### Exercise
Everything in the data except the pictures belongs in your answer, copied exactly.

### Given material

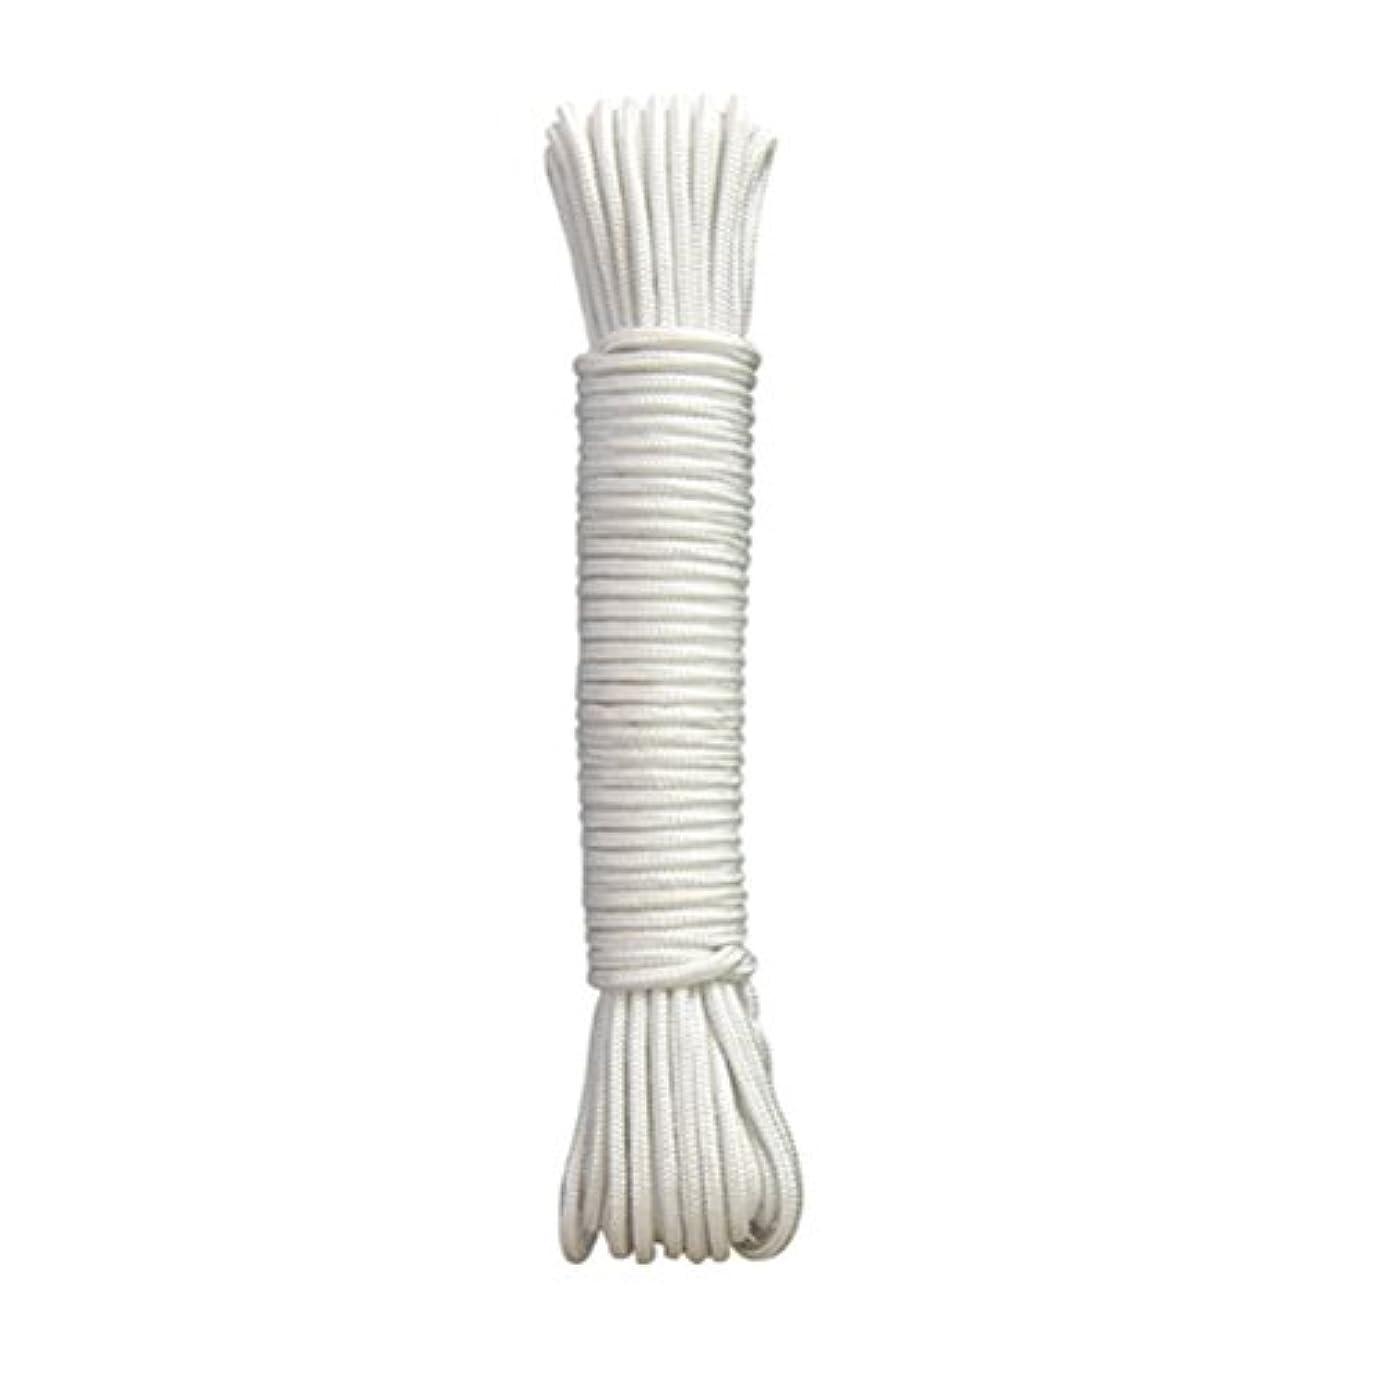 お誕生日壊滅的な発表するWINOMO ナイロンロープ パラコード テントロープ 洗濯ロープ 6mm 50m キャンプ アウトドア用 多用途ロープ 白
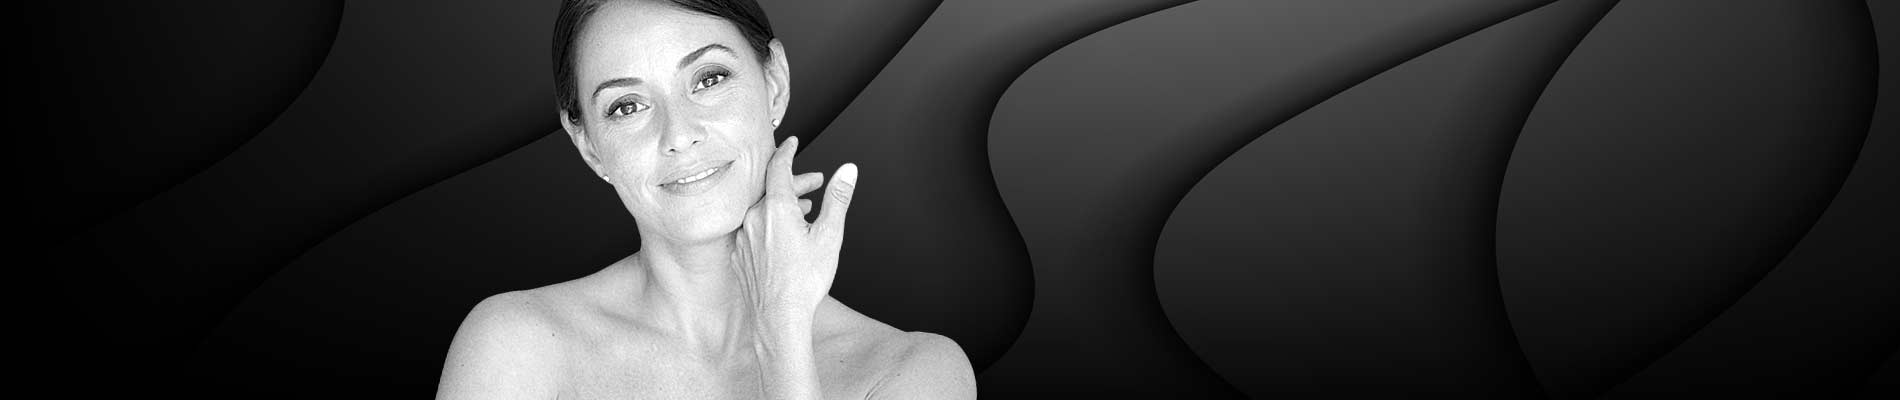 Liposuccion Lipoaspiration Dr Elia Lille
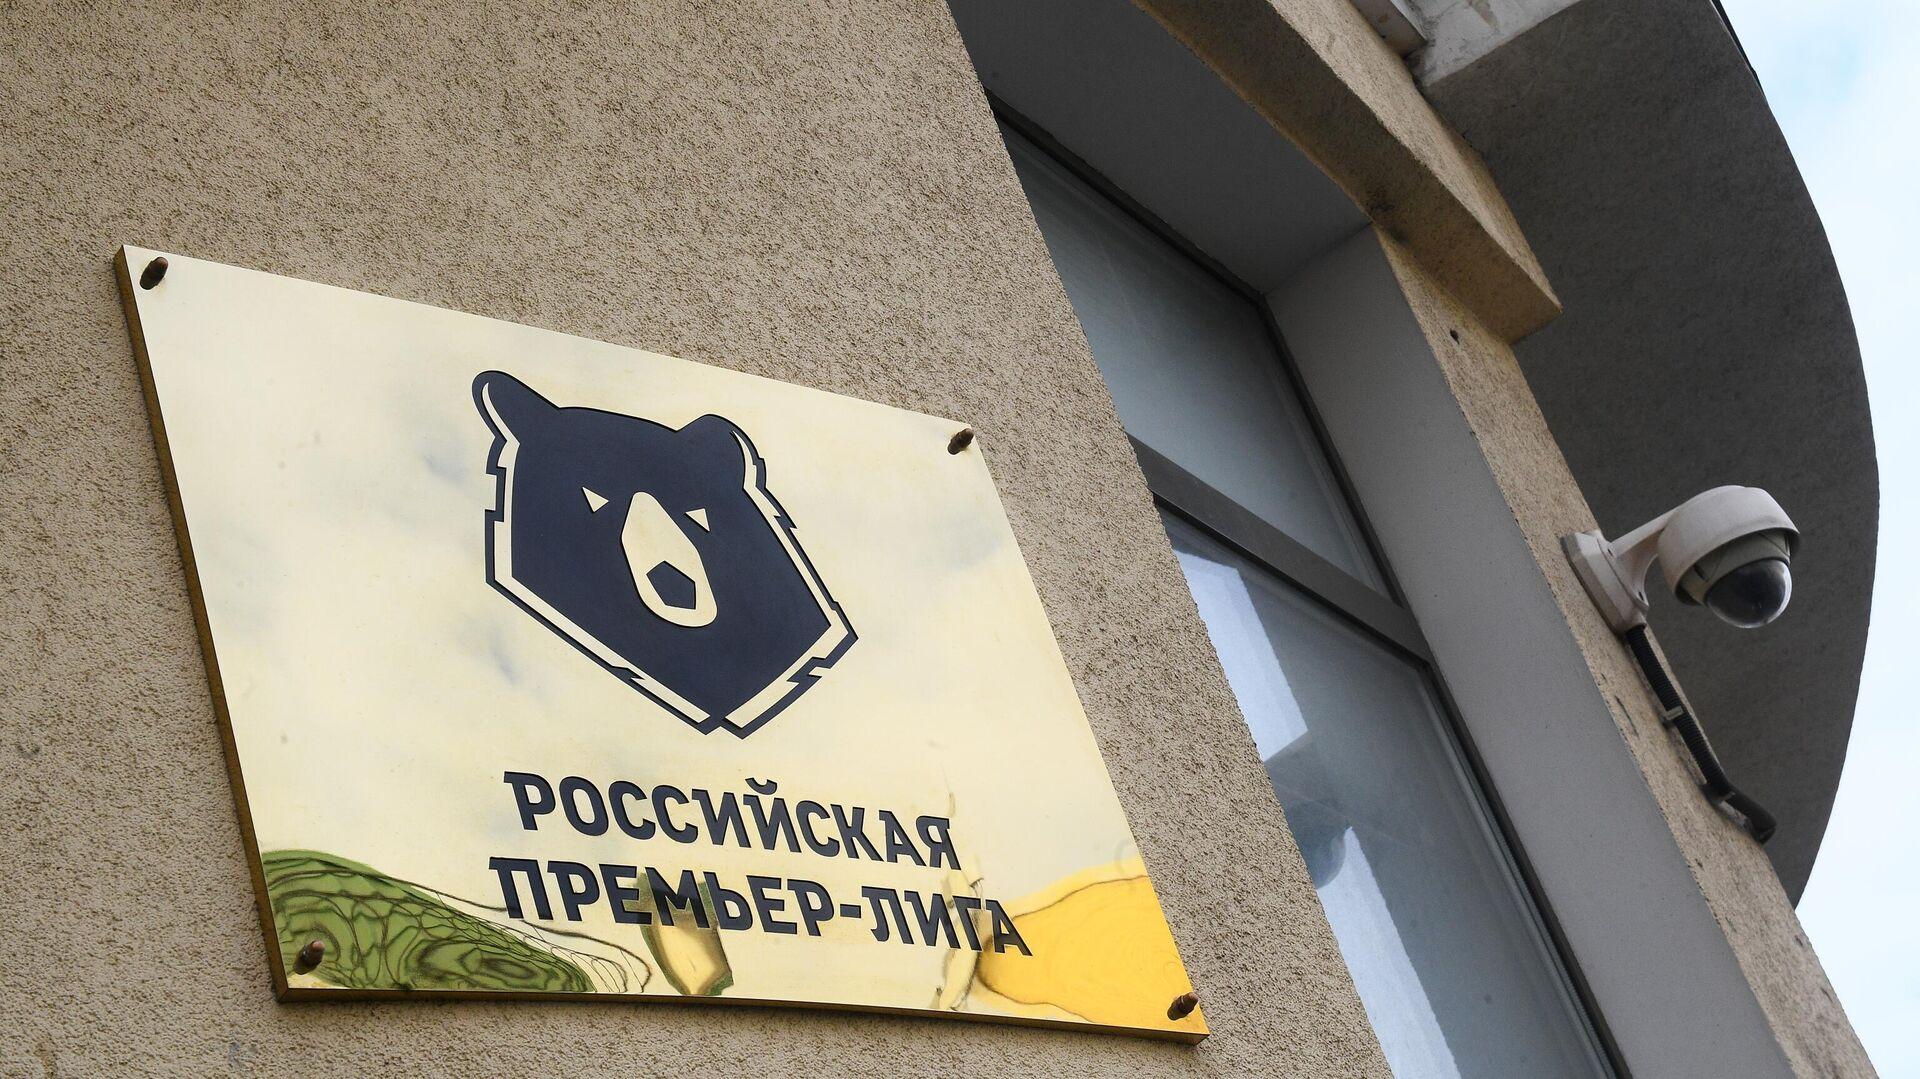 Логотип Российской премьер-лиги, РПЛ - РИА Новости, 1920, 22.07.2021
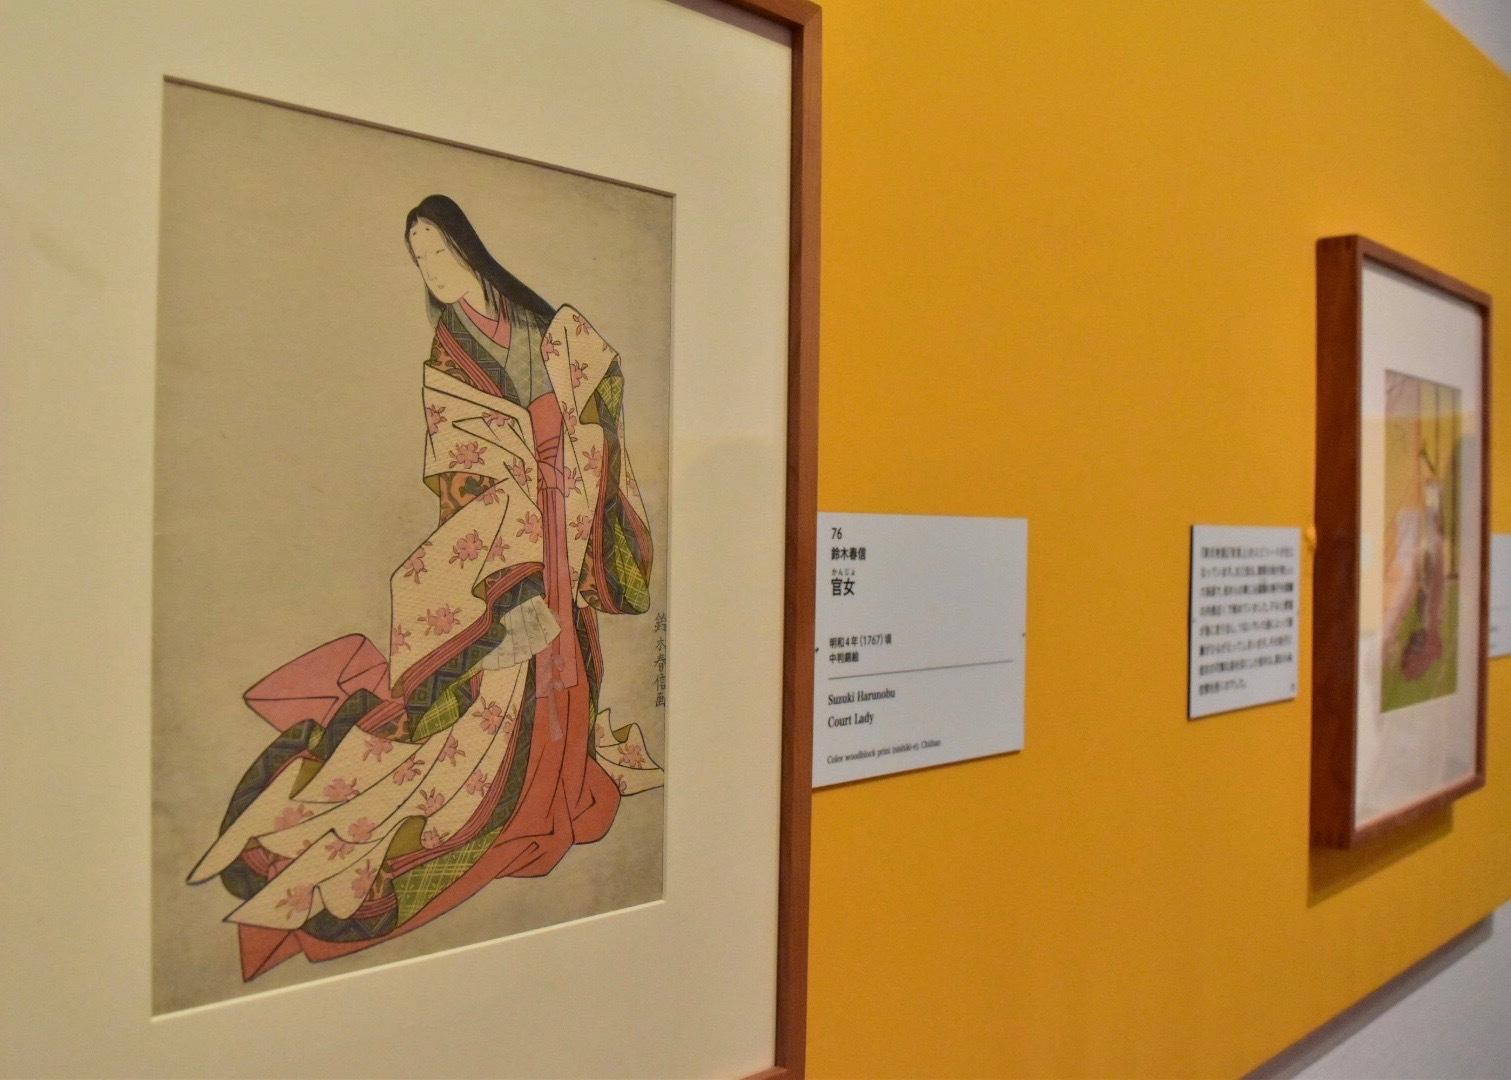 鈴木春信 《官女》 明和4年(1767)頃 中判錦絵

### Answer
 お誕生日壊滅的な発表するWINOMO ナイロンロープ パラコード テントロープ 洗濯ロープ 6mm 50m キャンプ アウトドア用 多用途ロープ 白
 Liposuccion Lipoaspiration Dr Elia Lille
 Логотип Российской премьер-лиги, РПЛ - РИА Новости, 1920, 22.07.2021
 鈴木春信 《官女》 明和4年(1767)頃 中判錦絵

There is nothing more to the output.